Penalty or Interest causes by Late Filing of Income Tax Return - Asstt. Year 2016-17

We all are well known the importance of Income Tax Filing.  Though this some tax payee neglect to file income tax return in due date.  Therefore, all the Tax Return Filers i.e. Tax Consultant, Business Men and special Salaried Employee (Taxpayer) who are filed non-audit and non-corporate Assessee's Income Tax Return by extended due date  i.e. 05th August, 2016 for Asstt. Year 2016-17. The details about Late filing and due date of Income Tax Return are as under:

Due date of filing of income tax return for Assessment Year 2016-17 :
  • The due-date for filing of returns for non-audit & non-corporate assessee’s is 31st July of the assessment year 2016-17 which extended to 05th August, 2016.
  • In case of an assessee, being a partner of a firm liable to audit u/s. 44AB, the applicable due-date shall be 30th September of the assessment year (The said limits are as per the provisions of section 139(1) of the Act).
  • In the case of an assessee liable to submit a report u/s. 92E (Transfer Pricing Report) of the Act, the applicable due-date is 30th November of the assessment year.
Income Heads covered under due date 31st July, 2015
  • Salary, Pension,
  • Income from other source like interest income,
  • Income from capital gain, 
  • Income from house property and 
  • Income from person owning small business and not liable to get their accounts audited are covered.
Major Effects of Non Filing of Income Tax Return by Due Date for Fin.Year 2013-14, Asstt.
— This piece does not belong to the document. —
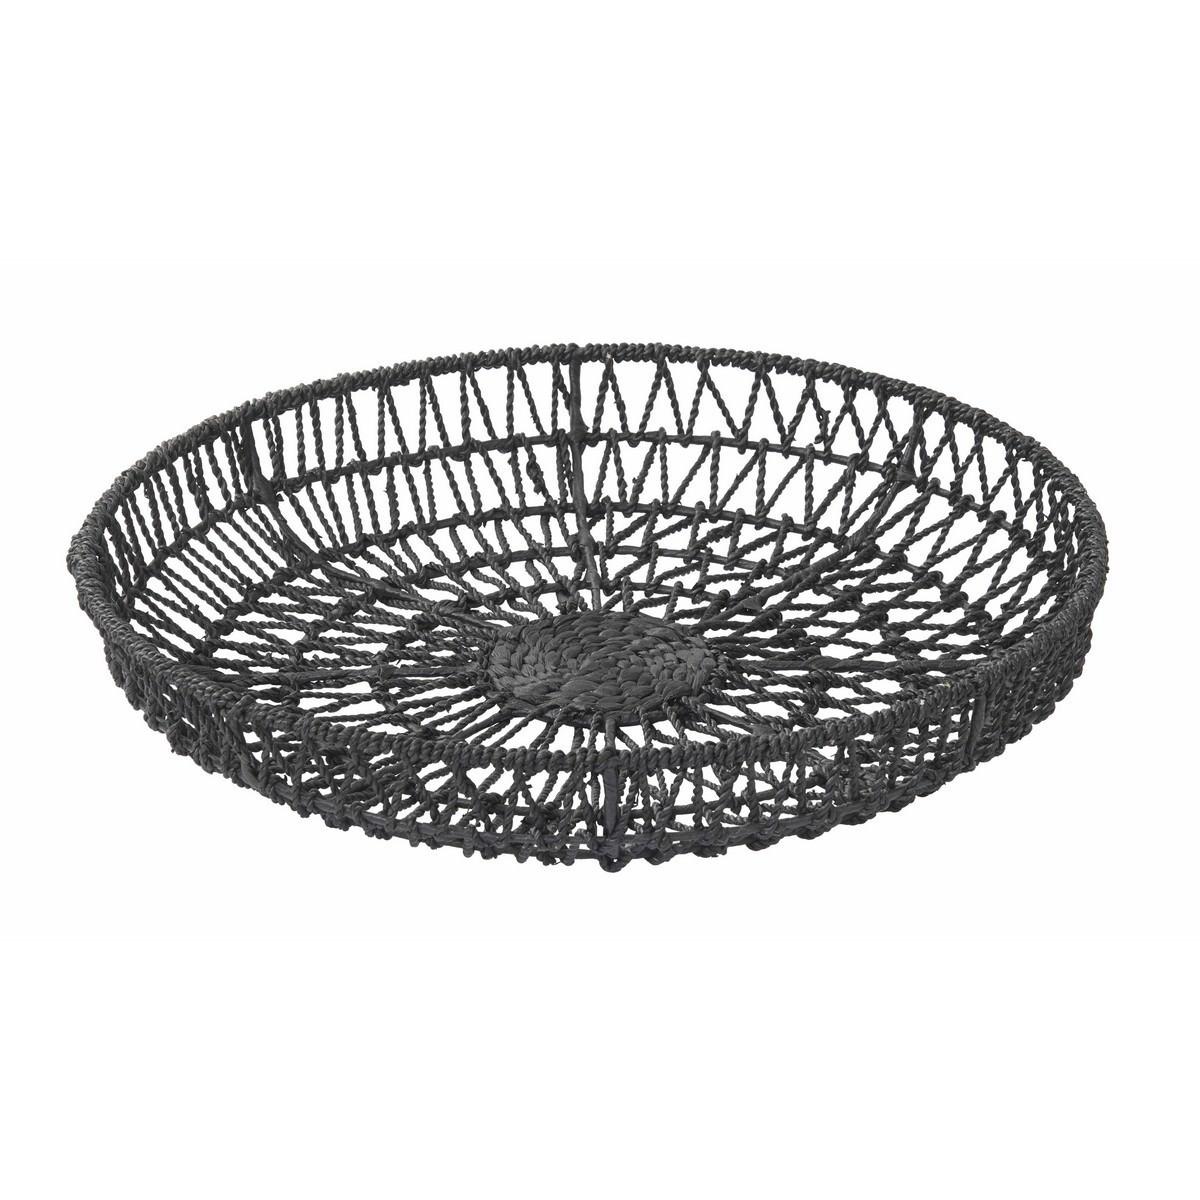 Lenexa Handwoven Water Hyacinth Basket/Wall Decor

Year 2014-15 and onwards ?
  • Losses can not be carry forward.
  • Interest u/s. 234A will be charges @ 1% PM applicable.
  • Income Tax Return e-Filing is Mandatory, if Annual Taxable Income is not less than 5 Lakhs.
  • Income Tax Return can not be revised at any cost if filied not in time.
What happen next when Taxpayee not file Income Tax Return in Due Date ?
  • There is no any penalty on late filing of Income Tax Return.
What says Income Tax section 271F regarding late filing of Return ?
If a person who is required to furnish a return of his income, as required under sub-section (1) of section 139 or by the provisos to that sub-section, fails to furnish such return before the end of the relevant assessment year, the Assessing Officer may direct that such person shall pay, by way of penalty, a sum of five thousand rupees
so this section says end of relevant assessment year, for previous year 2013-14, assessment year is 2014-15 and it will ends on 31.03.2015 and onwards, means there is no penalty for late filing of income tax return up to 31.03.2015 and onward and after that assessing officer(AO) can impose a penalty of Rs. 5000, and that is also his (AO) power which he may or may not exercise after giving due hearing to the assessee.
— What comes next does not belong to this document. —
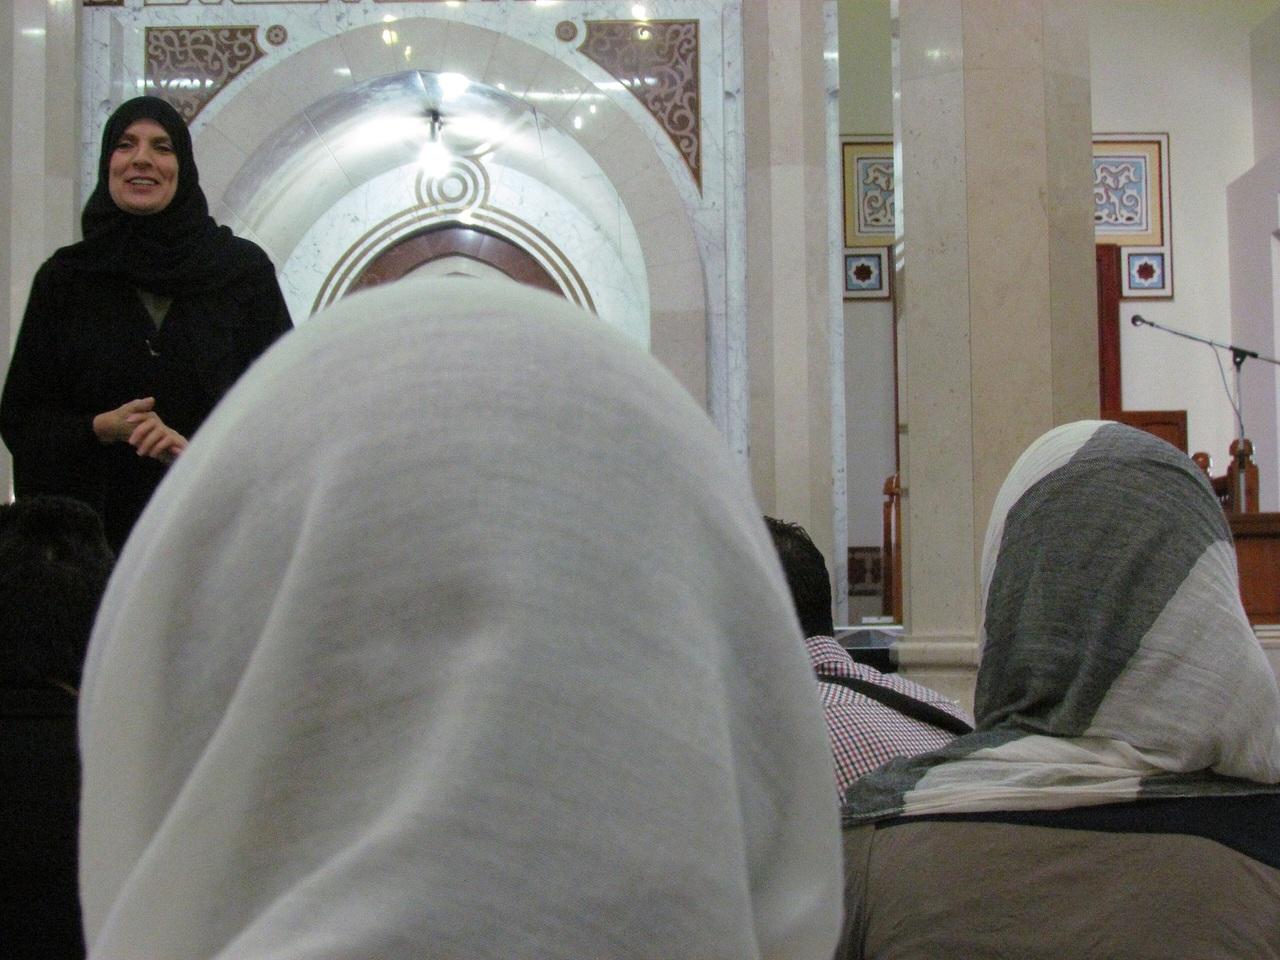 Pray like a muslim. Aqui.

Due Date for filing of Income Tax Return extended for Asstt. Year 2016-17

Recently, CBDT has issued a press information on 29th July, 2016 regarding extension of due date for filing of Income Tax Return for Asstt. Year 2016-17 i.e. from 31st July, 2016 to 5th August, 2016.  The details are as under :

Press Information Bureau
Government of India
Ministry of Finance

29-July-2016 20:47 IST


As per provisions of Section 139(1) of Income-tax Act 1961, Central Board of Direct Taxes extends the due date for filing returns of Income for Assessment Year 2016- 2017 from 31st July, 2016 to 5th August,2016 , in case of taxpayers throughout India who are liable to file their Income-tax by 31st July, 2016.

This extension is given in order to avoid any inconvenience to the taxpayers while making payment of taxes pertaining to returns of income for Assessment Year 2016- 2017 by 31st July, 2016 due to reports of Bank strike on 29th July,2016(Friday) and 31st July,2016 (Sunday), being a Bank-Holiday.

Due date extension in J & K is 31.08.2016

As per provisions of Section 119 of Income-tax Act, 1961(‘Act’) , Central Board of Direct Taxes extends the due date for filing income-tax returns from 31st July, 2016 to 31st August ,2016 , in case of Income-tax assessees in the State of Jammu & Kashmir who are required to file their return under Section 139(1) of the Act. This extension is given on consideration of reports of dislocation of general life in certain areas of the State of Jammu & Kashmir.